COLLECTED DATA START
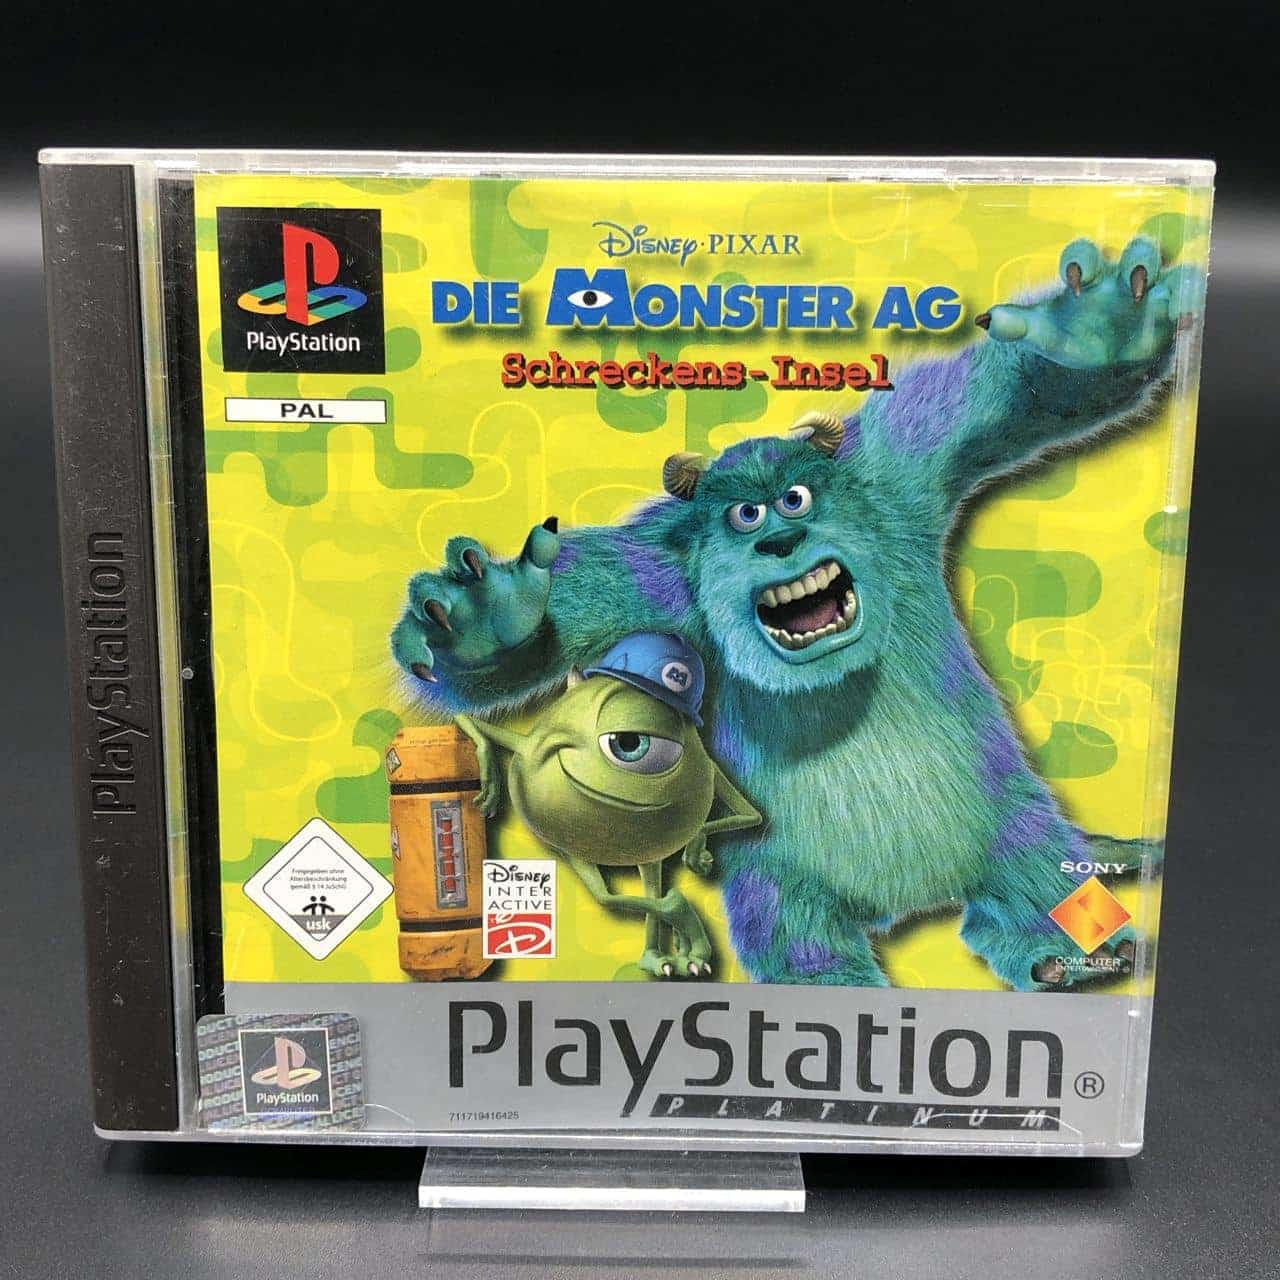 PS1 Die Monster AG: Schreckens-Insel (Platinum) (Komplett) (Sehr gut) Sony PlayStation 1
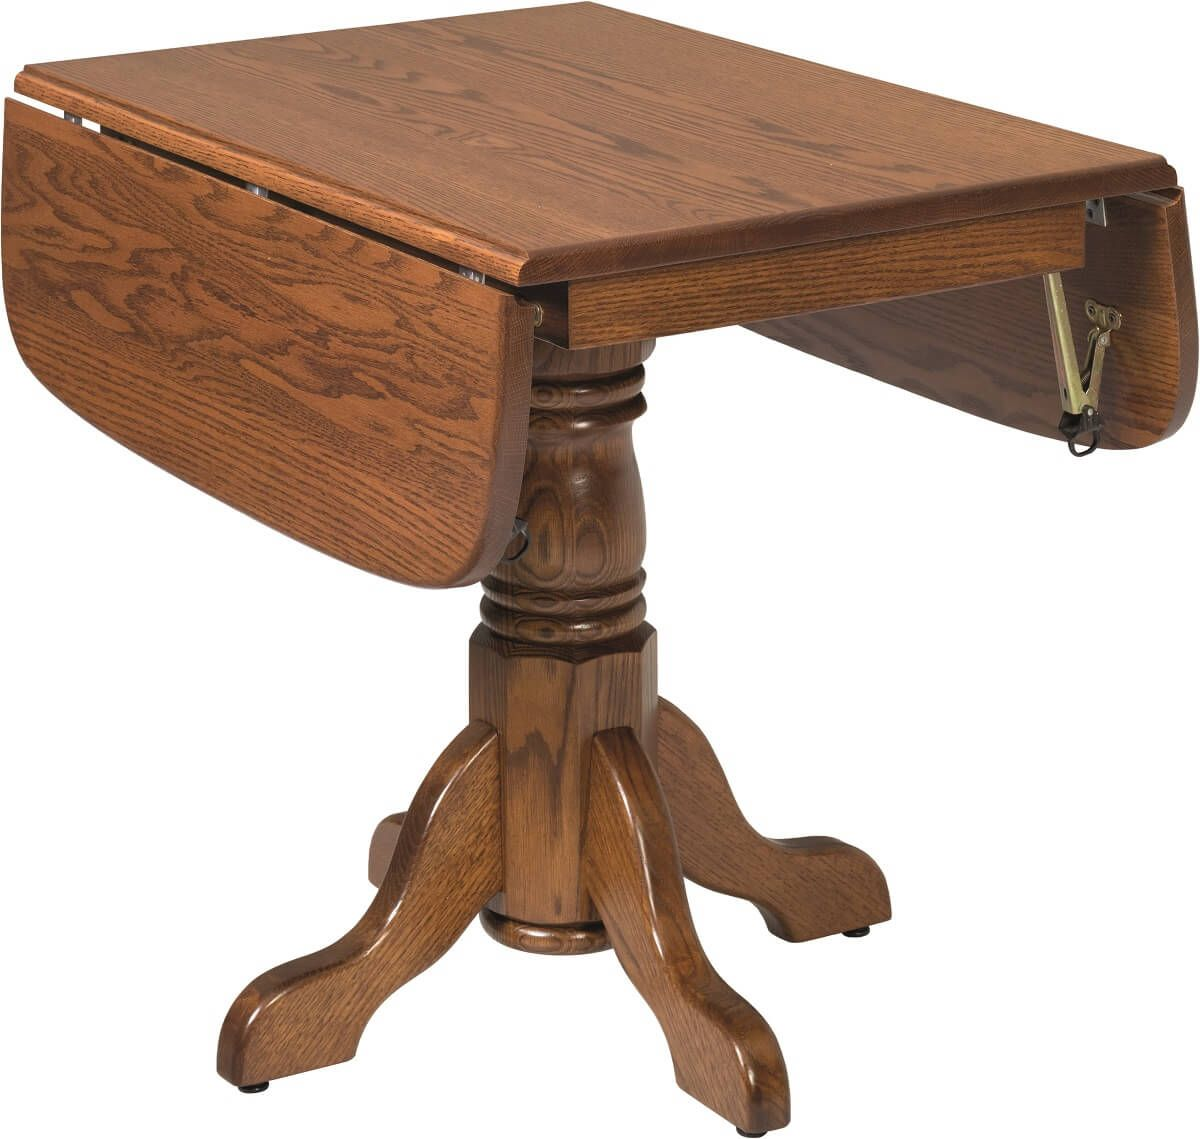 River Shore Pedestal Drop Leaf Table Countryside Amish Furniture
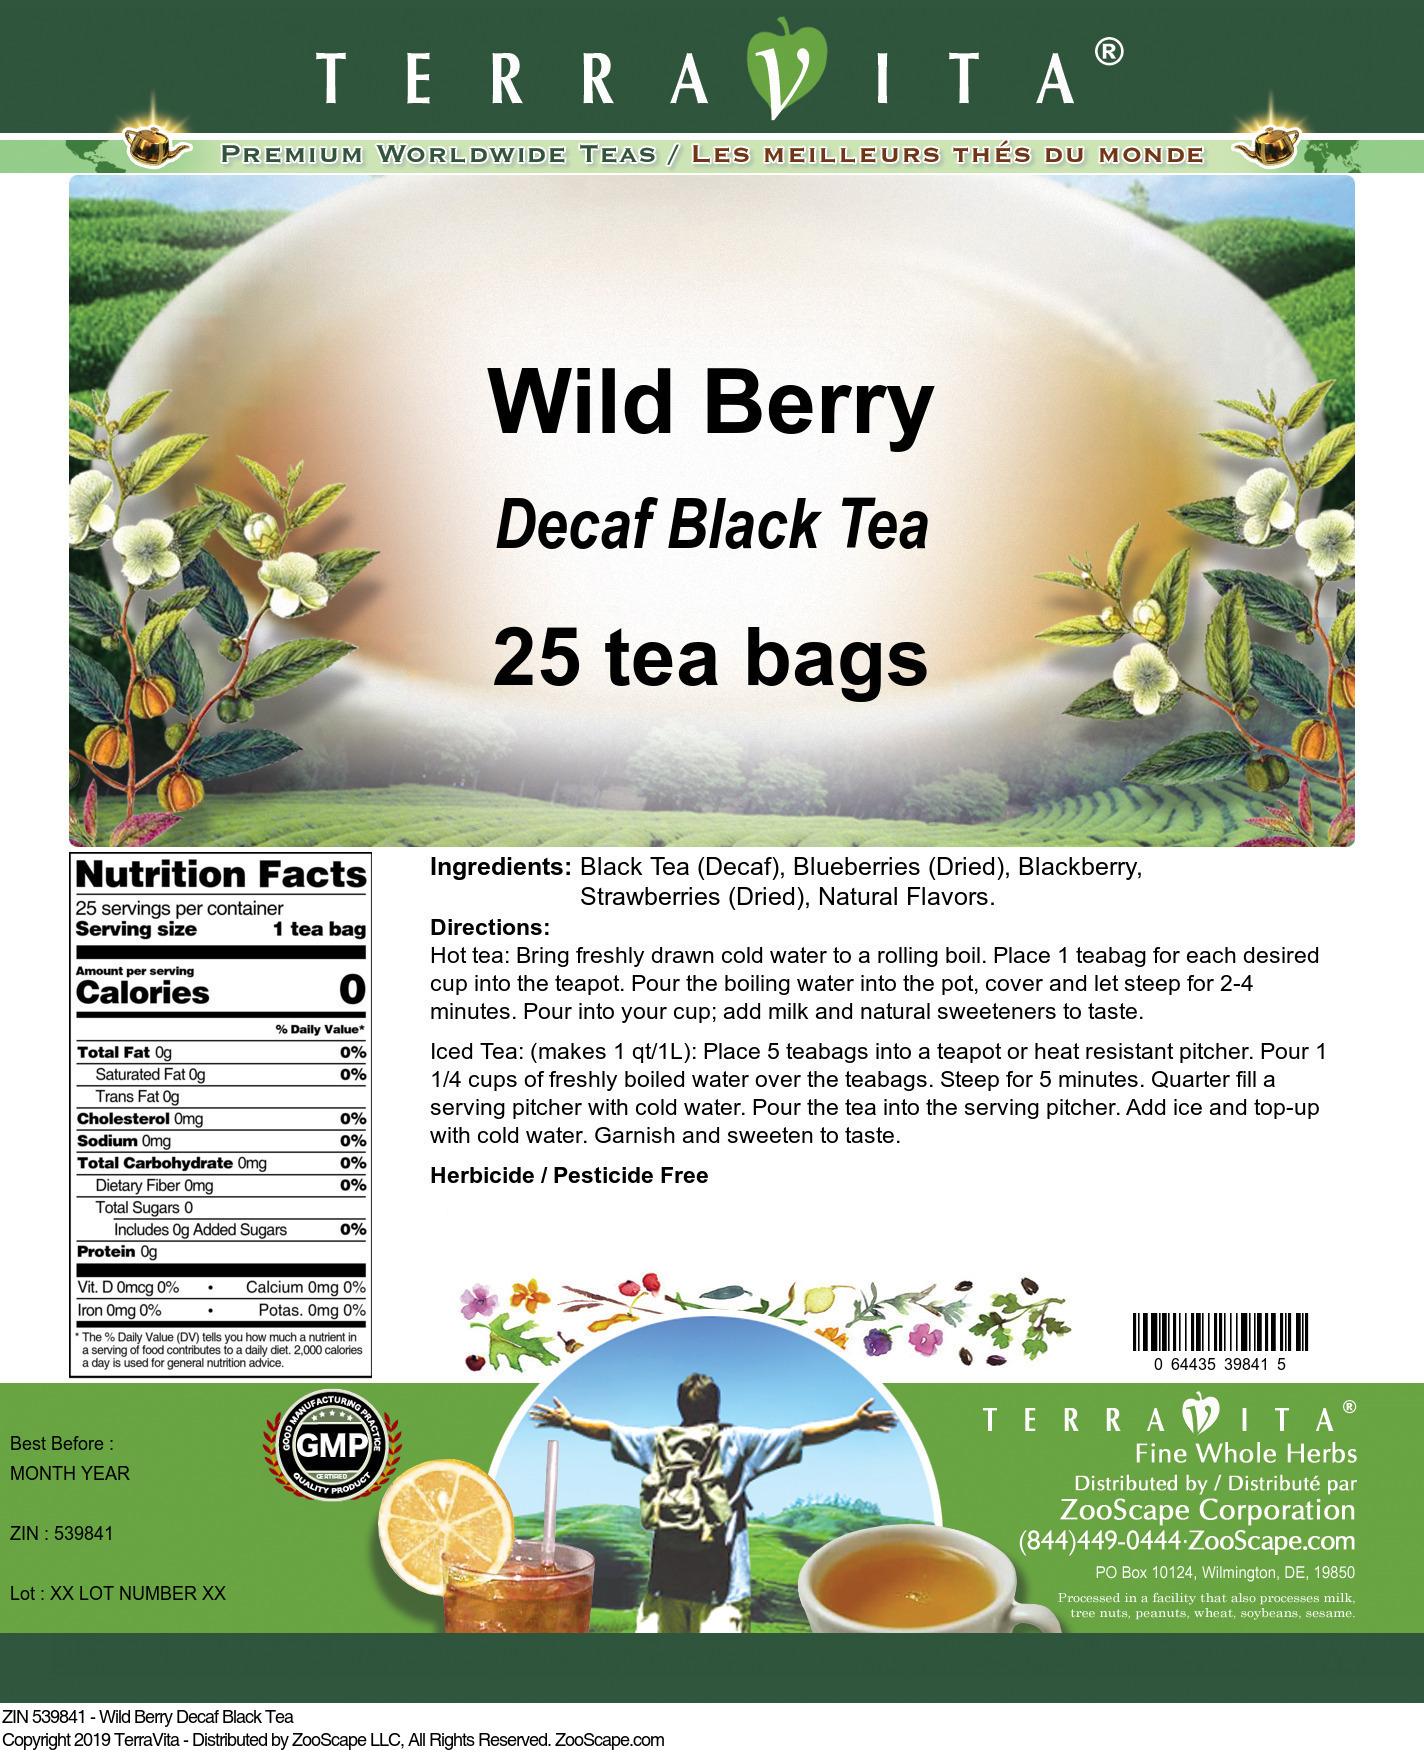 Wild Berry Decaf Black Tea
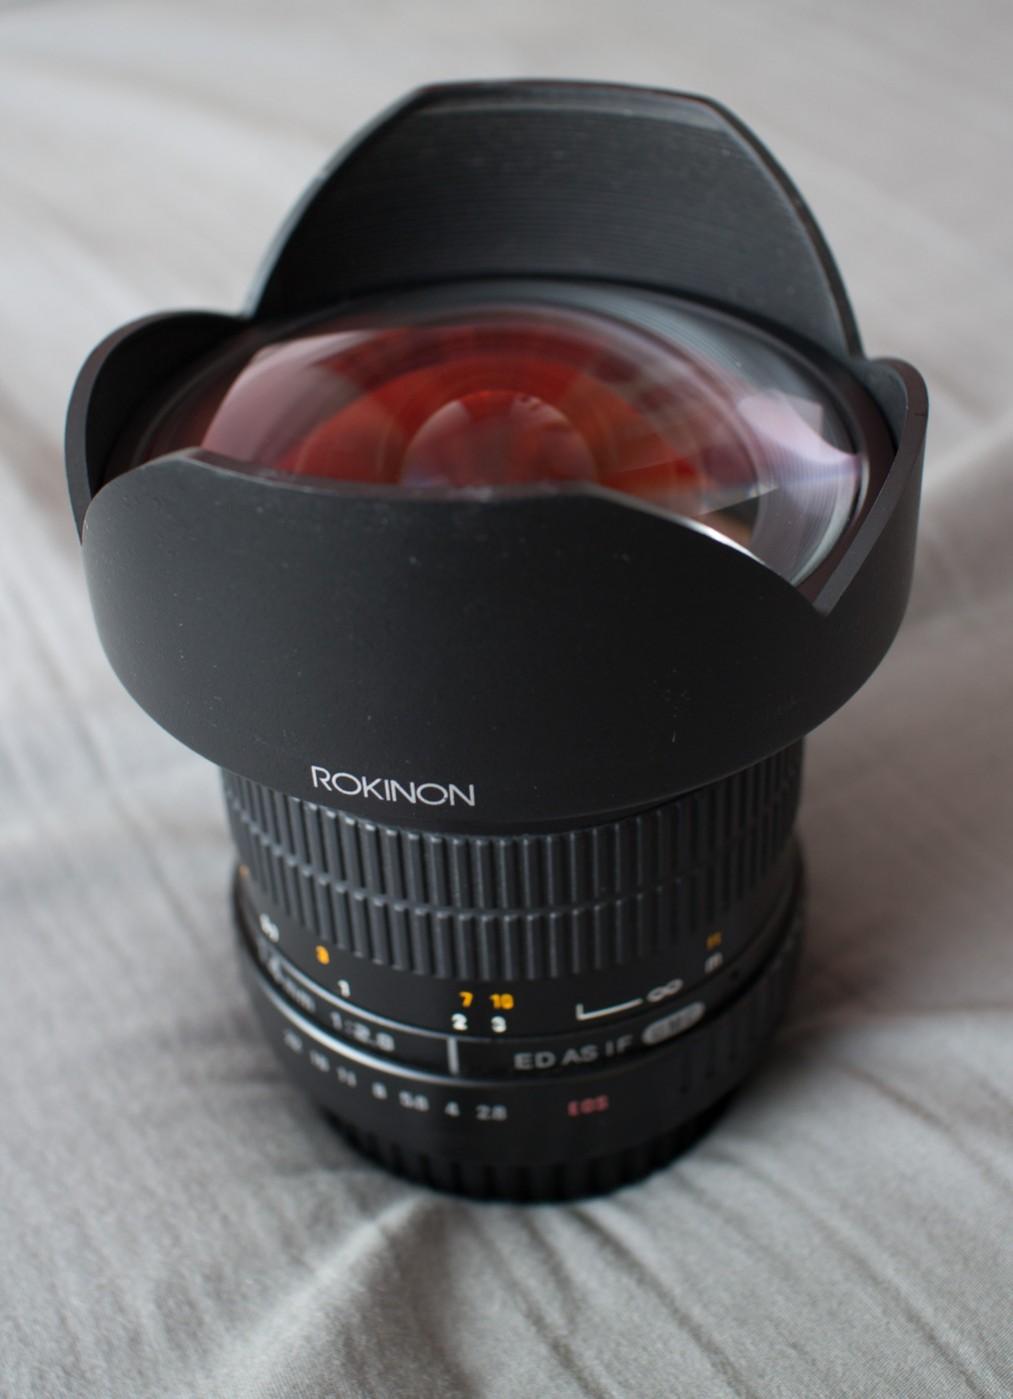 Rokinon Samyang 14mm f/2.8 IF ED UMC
COLLECTED DATA END
TASK PROMPT:
Return, exactly and without extra lines, everything from the line with "Wild Berry Decaf Black Tea" through the last line of the material above, both included. Pictures must be dropped.

ANSWER:
 Wild Berry Decaf Black Tea
 Rokinon Samyang 14mm f/2.8 IF ED UMC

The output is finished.